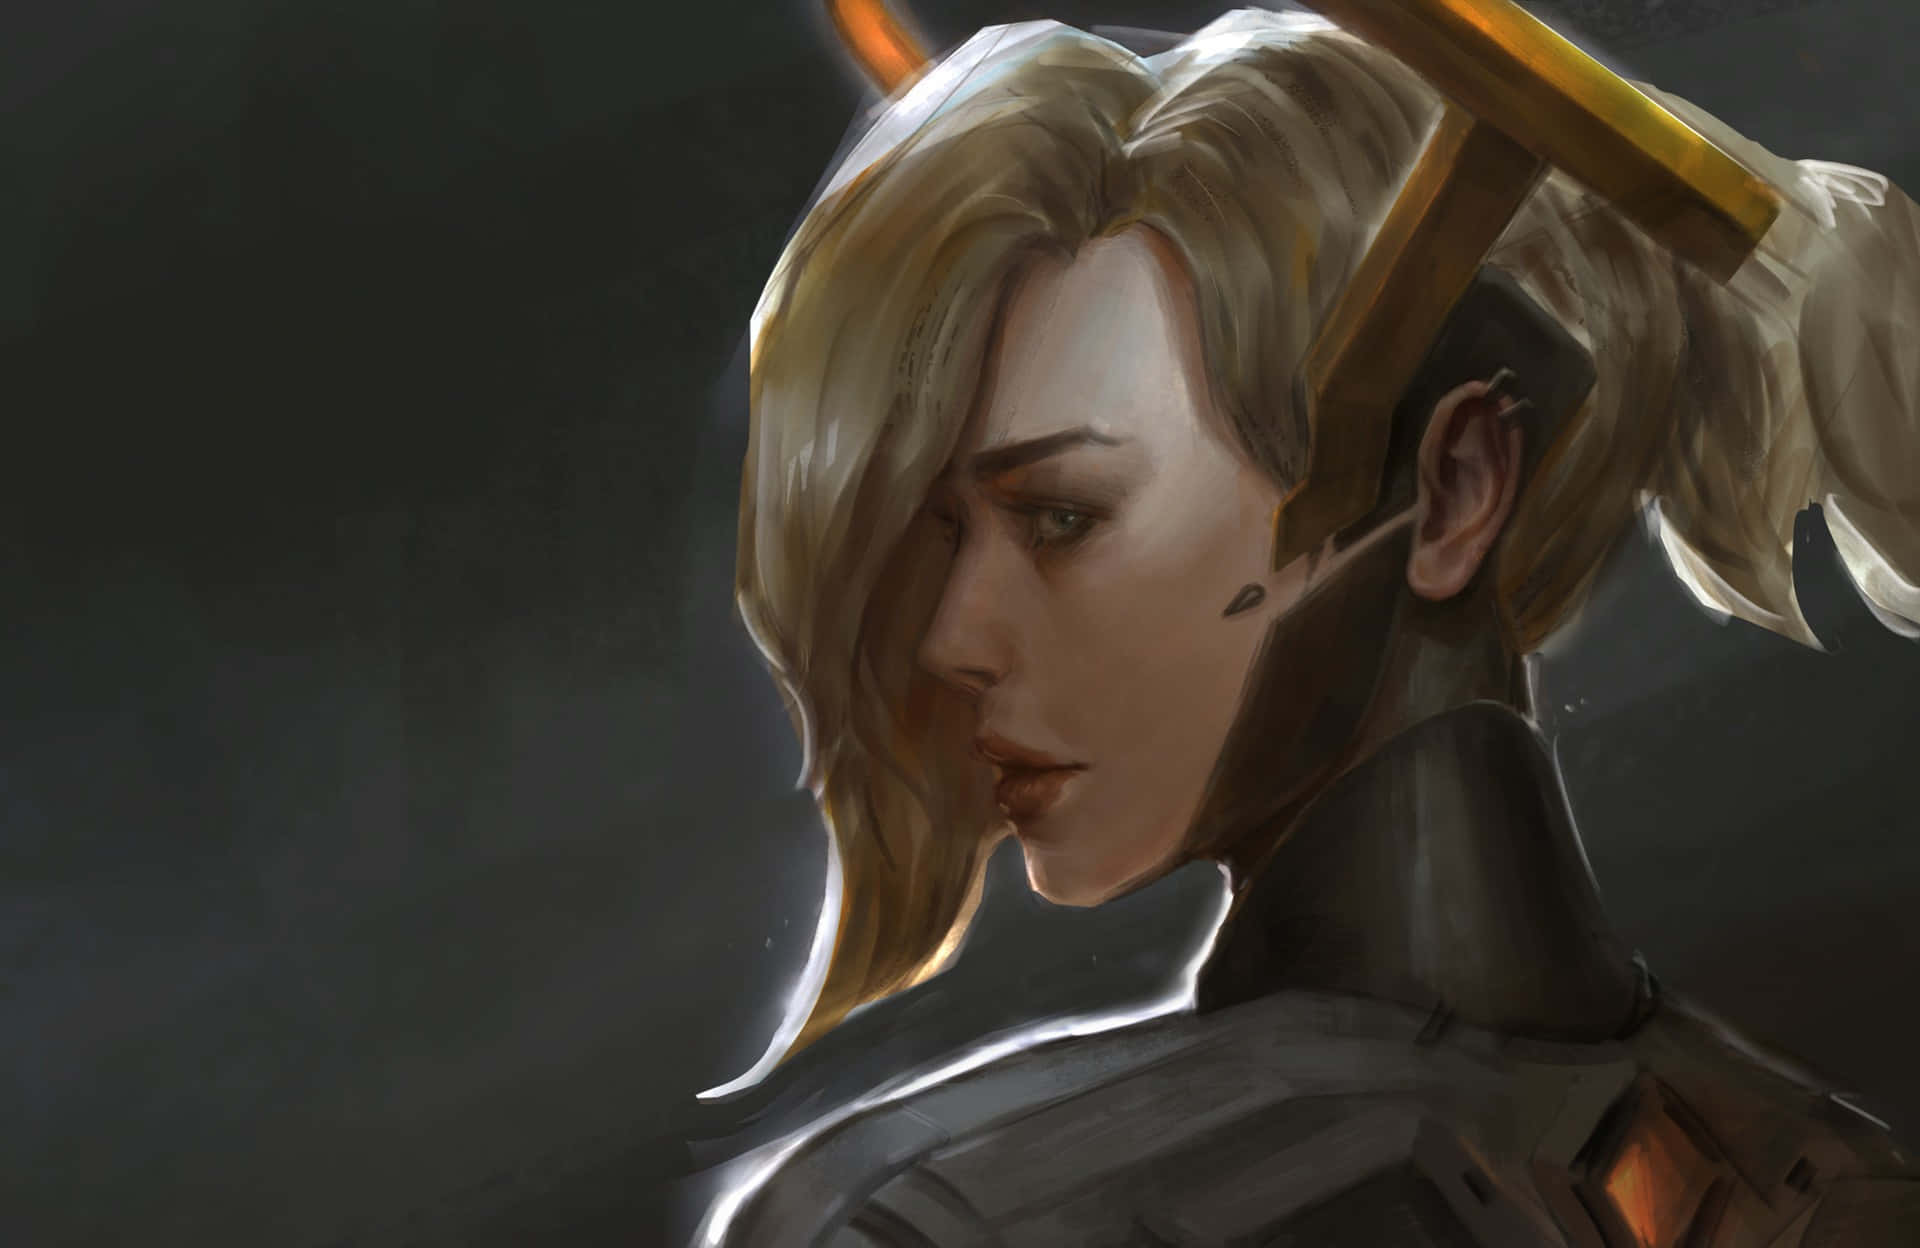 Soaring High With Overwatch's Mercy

* * *

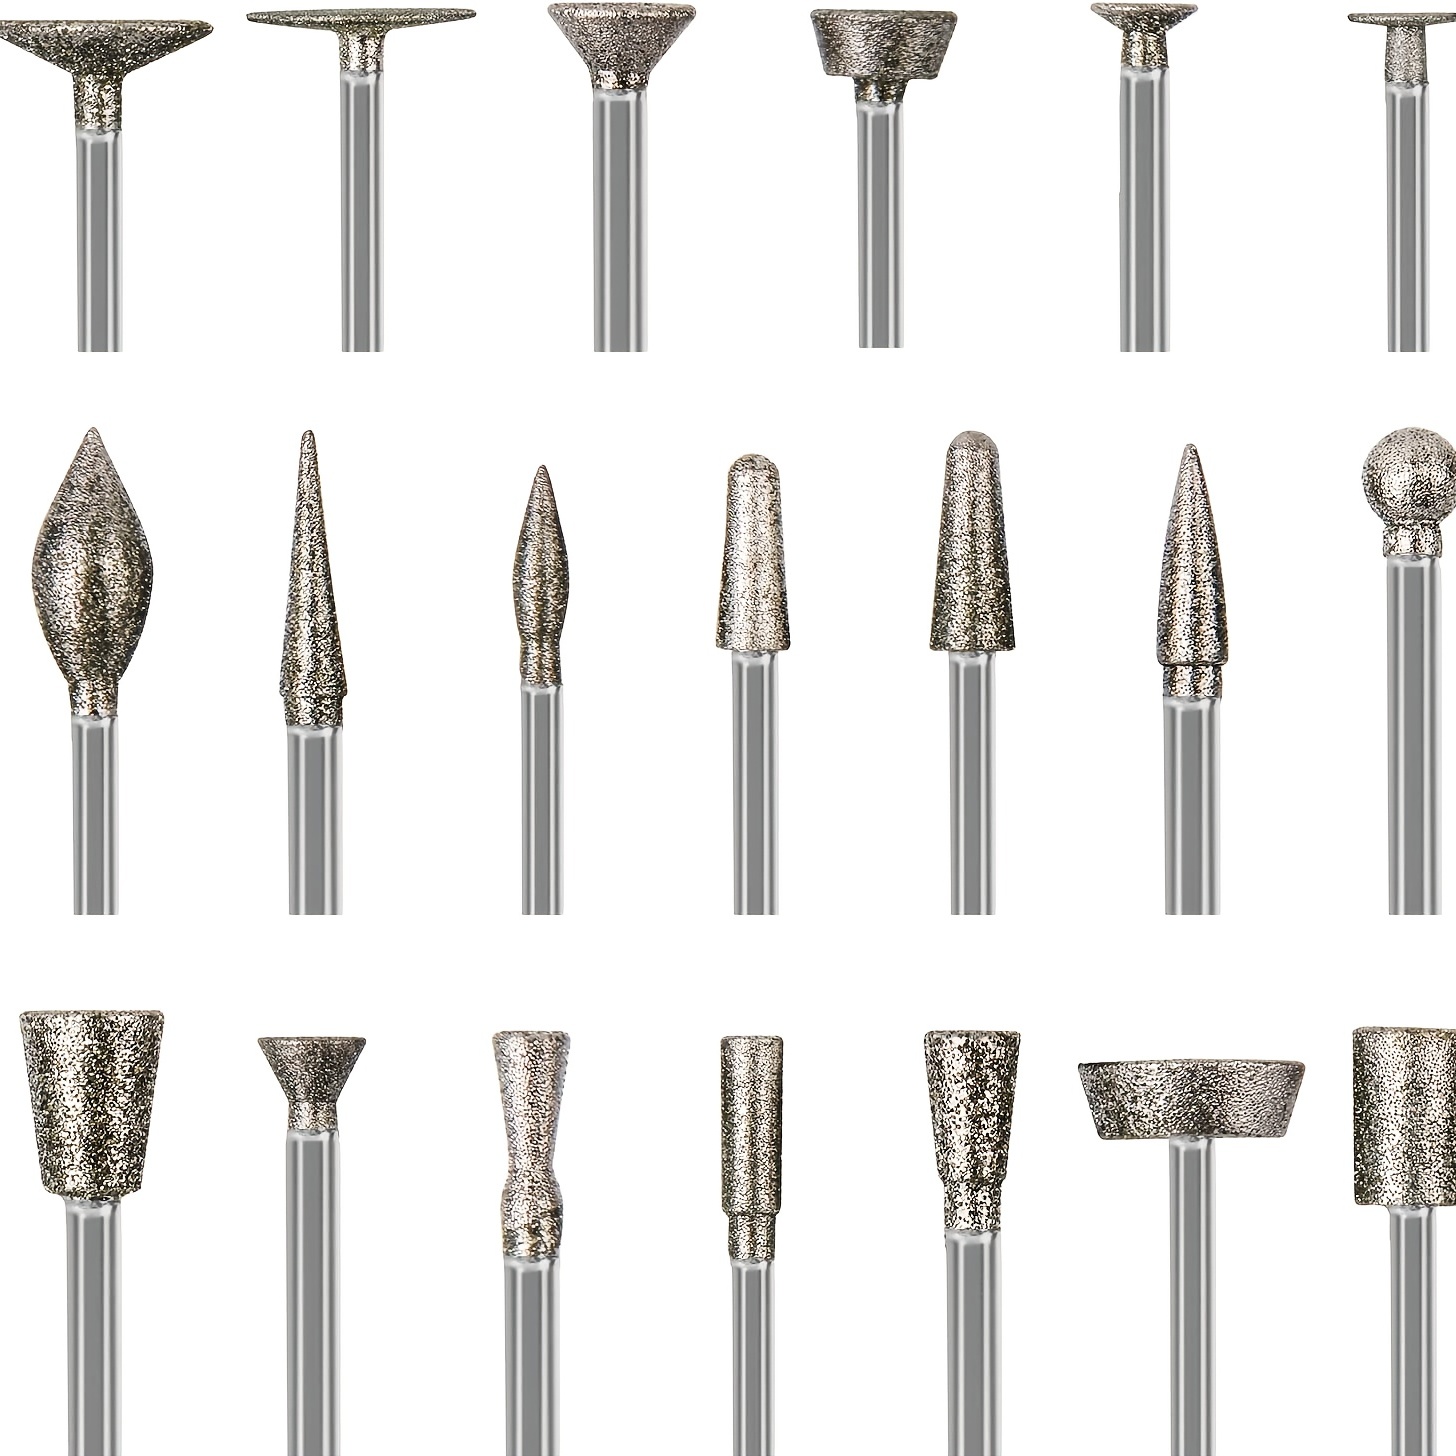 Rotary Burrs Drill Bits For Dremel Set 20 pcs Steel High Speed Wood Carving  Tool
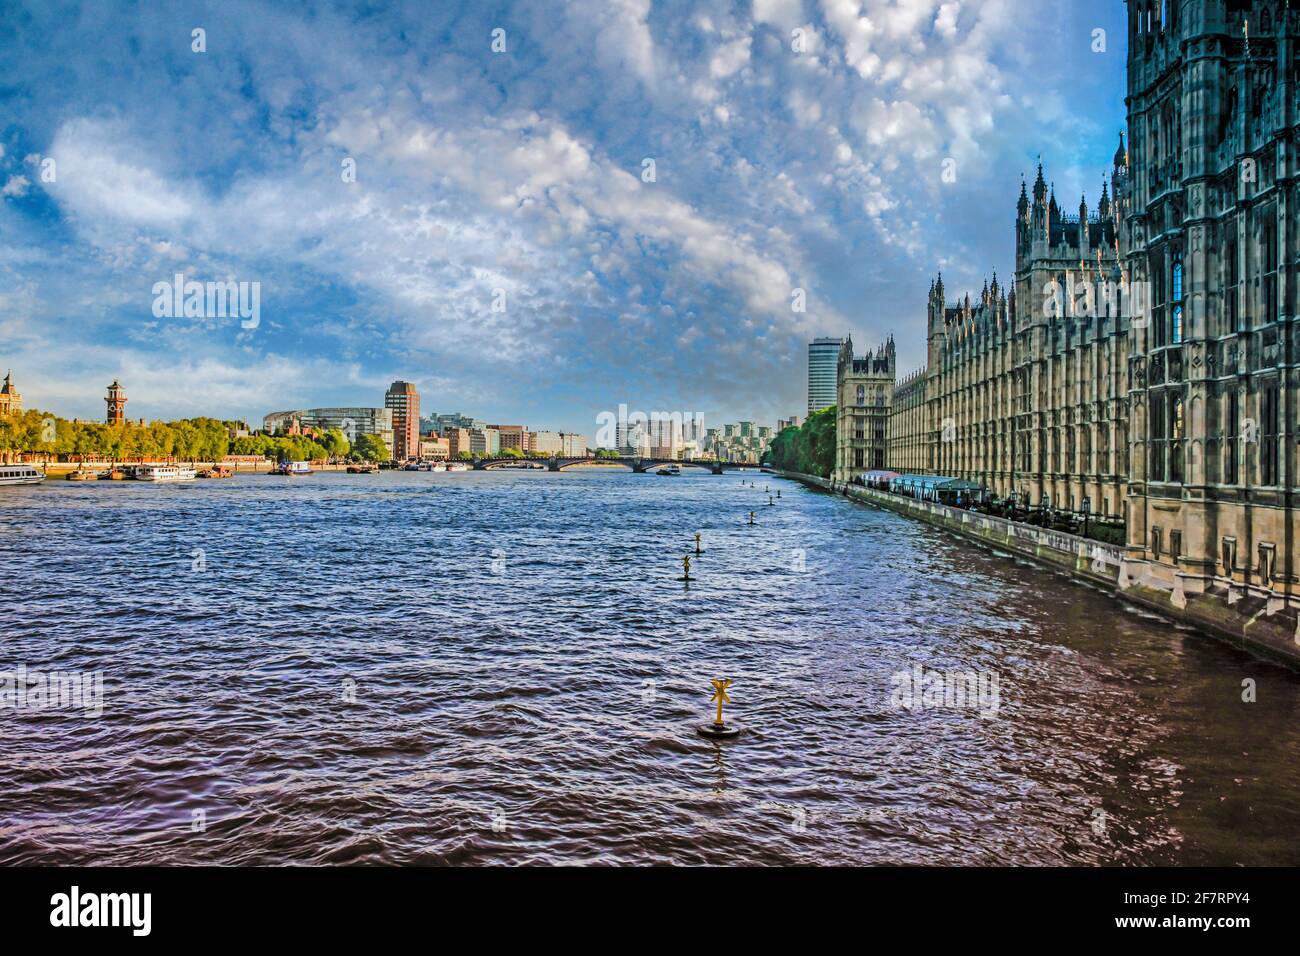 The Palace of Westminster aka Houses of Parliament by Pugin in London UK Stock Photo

* EXERCISE DETAILS *
Leaving every picture aside, reproduce exactly the lines above from the one with "Rotary Burrs Drill" up to and including the one with "The Palace of", and no others.

* EXERCISE OUTPUT *
 Rotary Burrs Drill Bits For Dremel Set 20 pcs Steel High Speed Wood Carving  Tool
 The Palace of Westminster aka Houses of Parliament by Pugin in London UK Stock Photo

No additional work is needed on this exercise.